EXERCISE GOAL >> In the material below, find the line with "Moroccan cooking workshop"; set down that line and every line after it to the end, exactly, without pictures.

SUPPLIED MATERIAL >>
[Start of section]

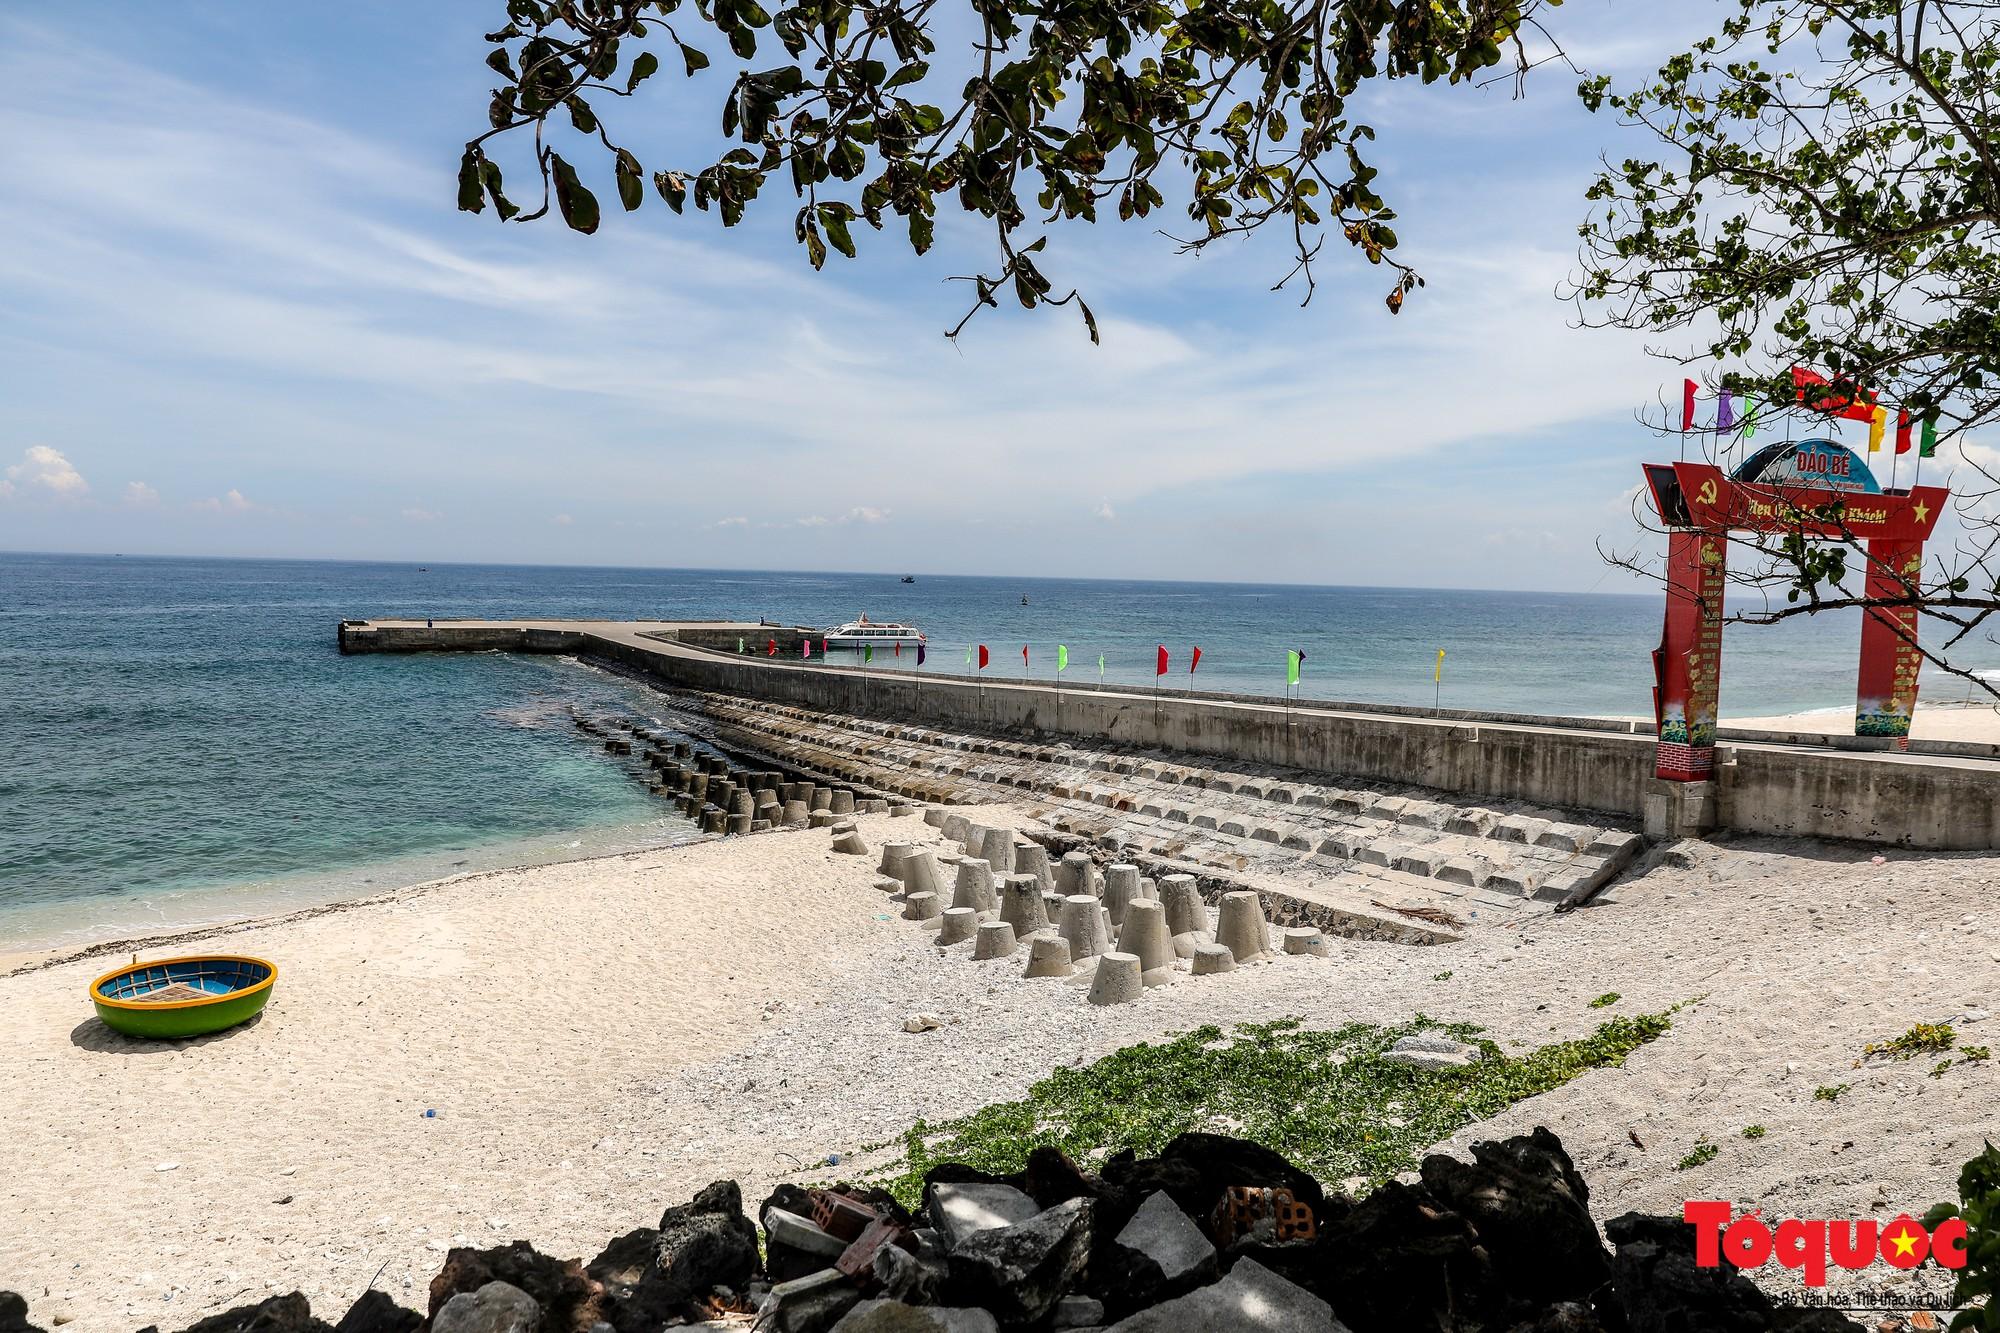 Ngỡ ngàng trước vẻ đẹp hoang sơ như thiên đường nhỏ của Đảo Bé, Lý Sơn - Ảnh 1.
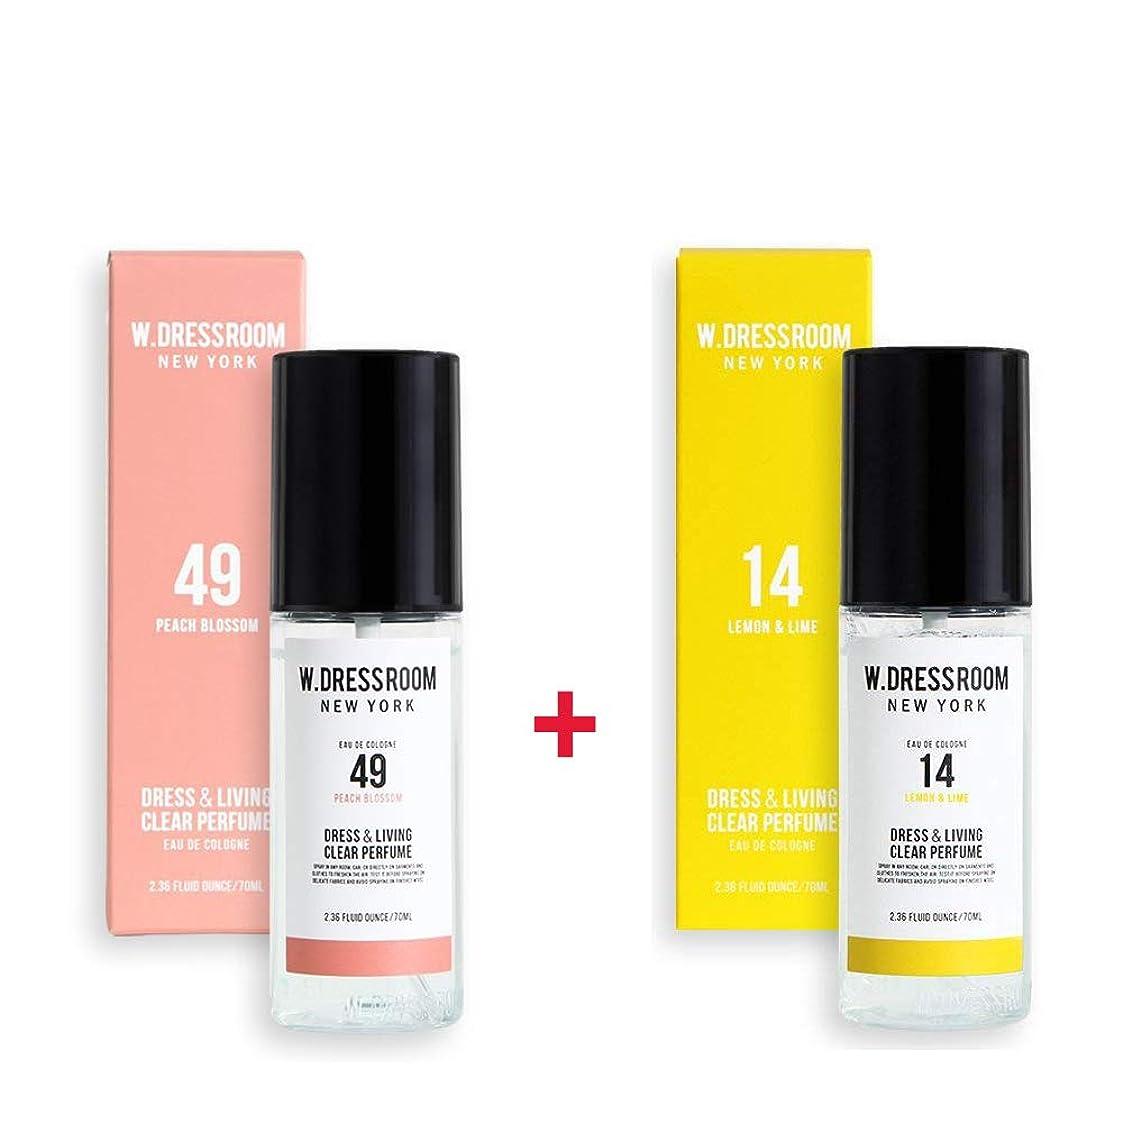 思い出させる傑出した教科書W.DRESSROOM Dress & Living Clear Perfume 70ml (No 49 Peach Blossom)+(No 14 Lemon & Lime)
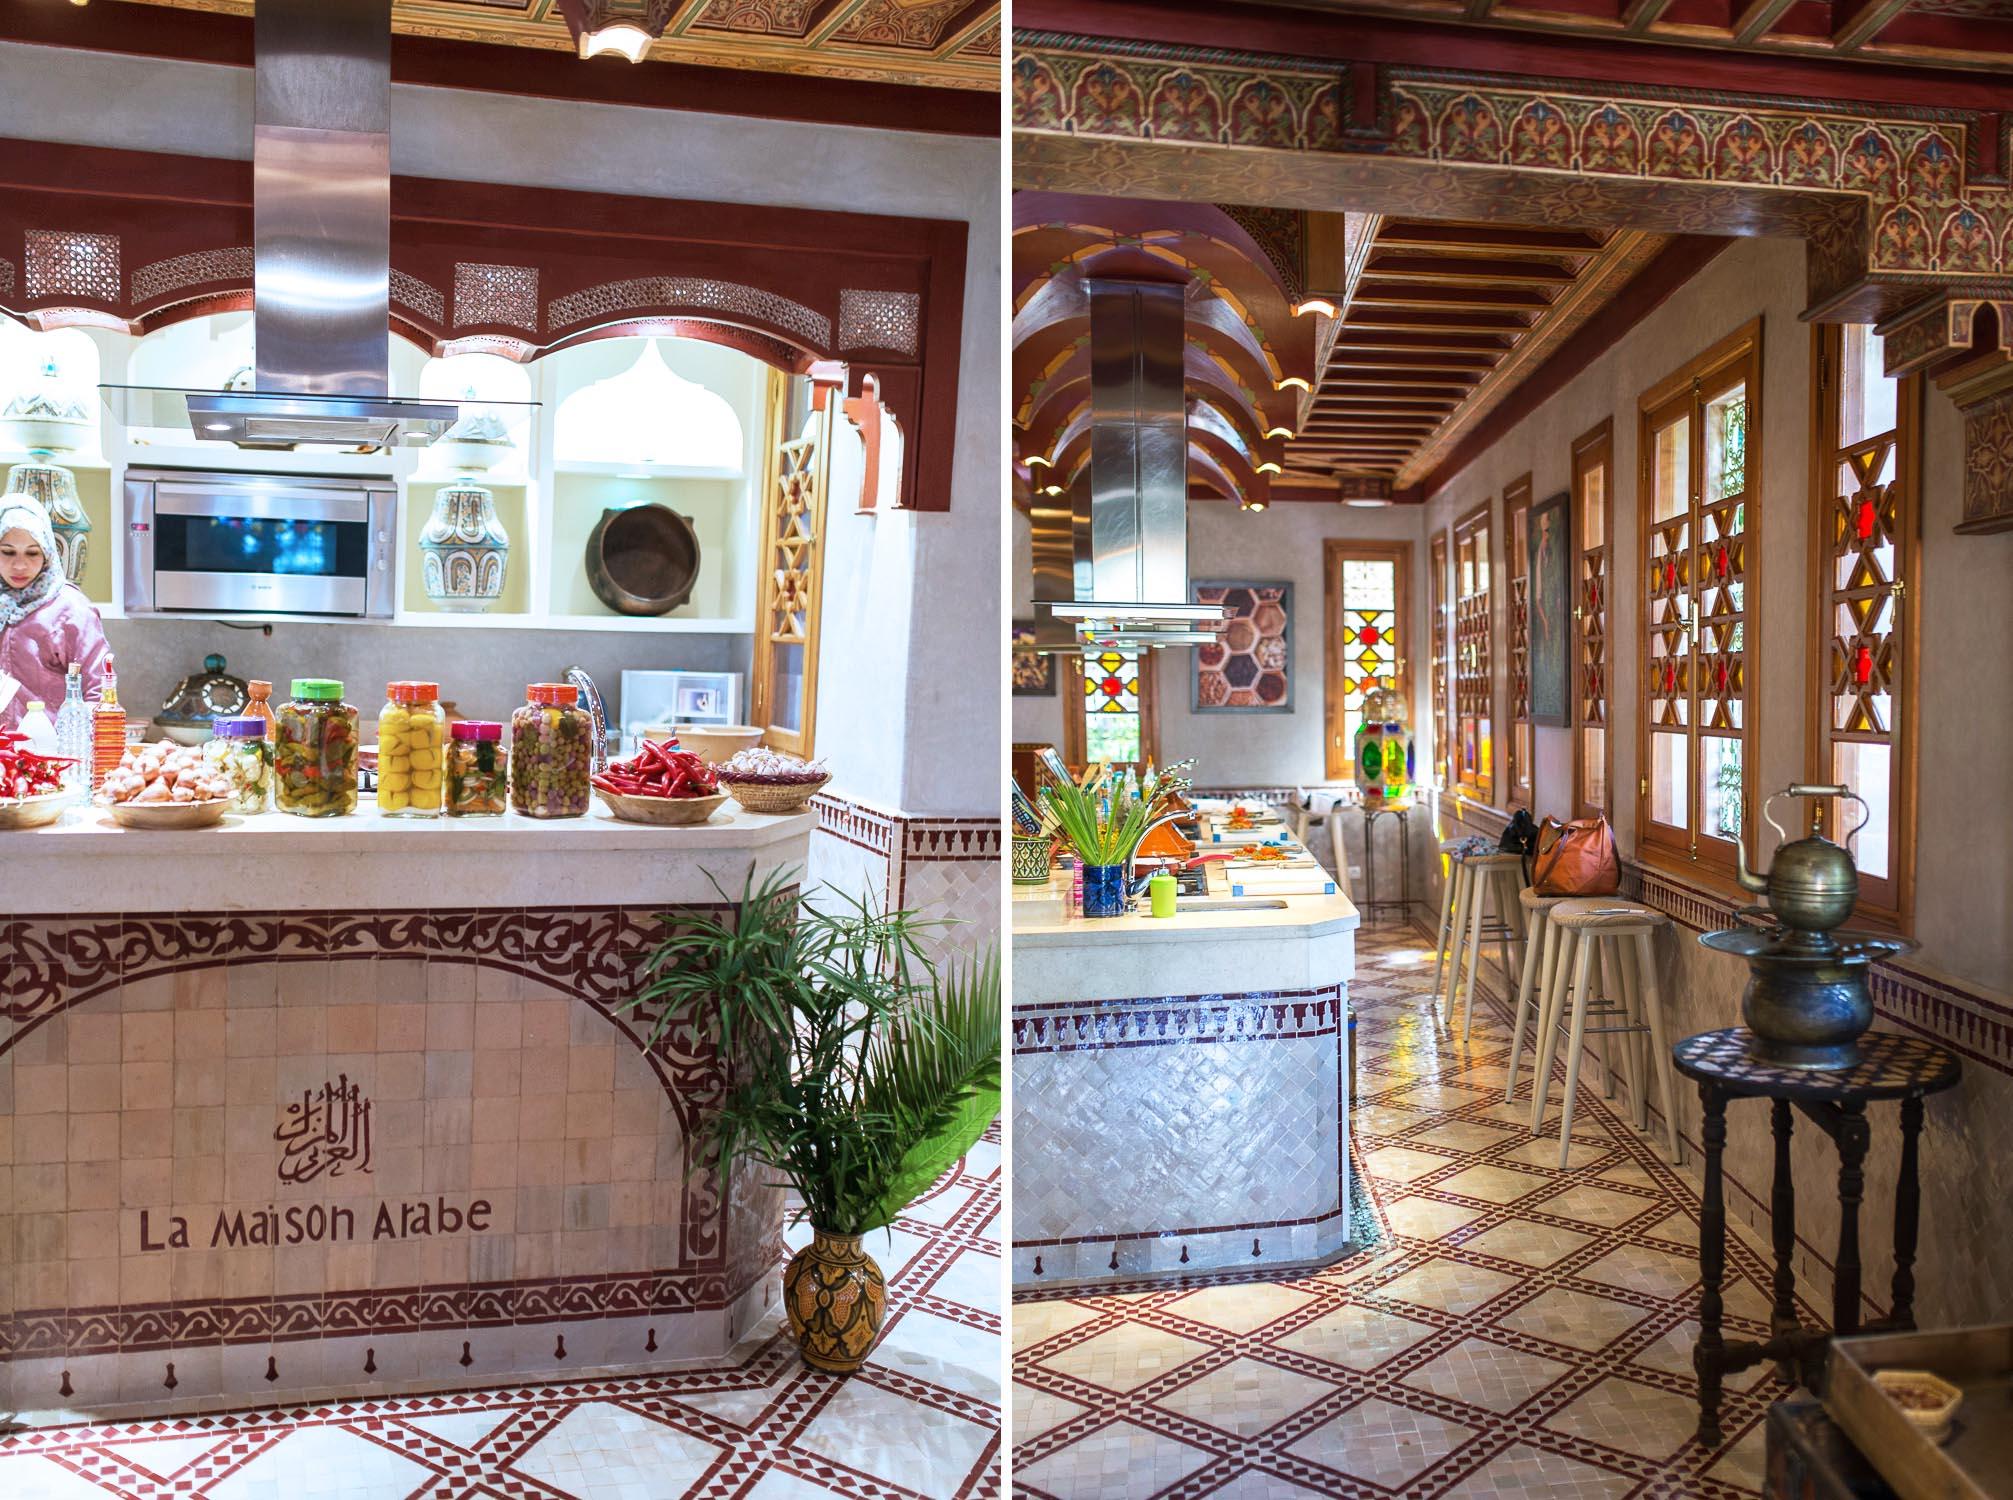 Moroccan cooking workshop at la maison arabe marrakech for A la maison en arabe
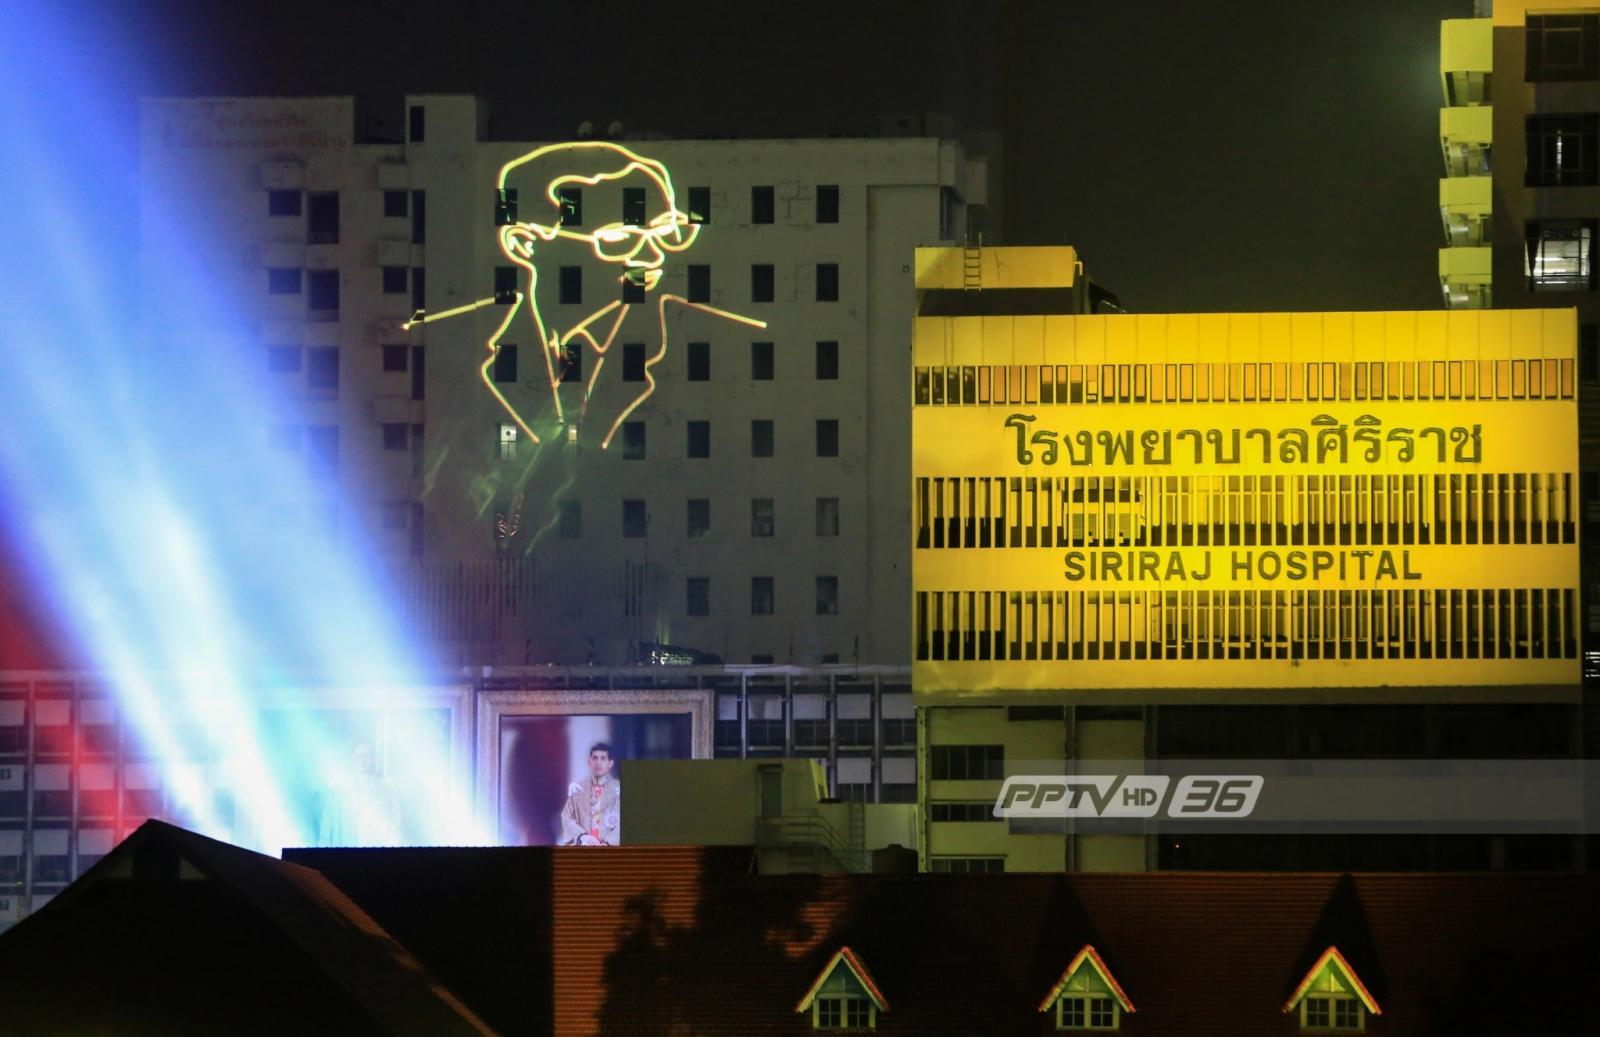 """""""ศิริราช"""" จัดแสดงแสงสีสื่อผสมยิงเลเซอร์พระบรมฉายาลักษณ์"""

[End of section]

PROBLEM SOLUTION >>
 Moroccan cooking workshop at la maison arabe marrakech for A la maison en arabe
 """""""ศิริราช"""" จัดแสดงแสงสีสื่อผสมยิงเลเซอร์พระบรมฉายาลักษณ์"""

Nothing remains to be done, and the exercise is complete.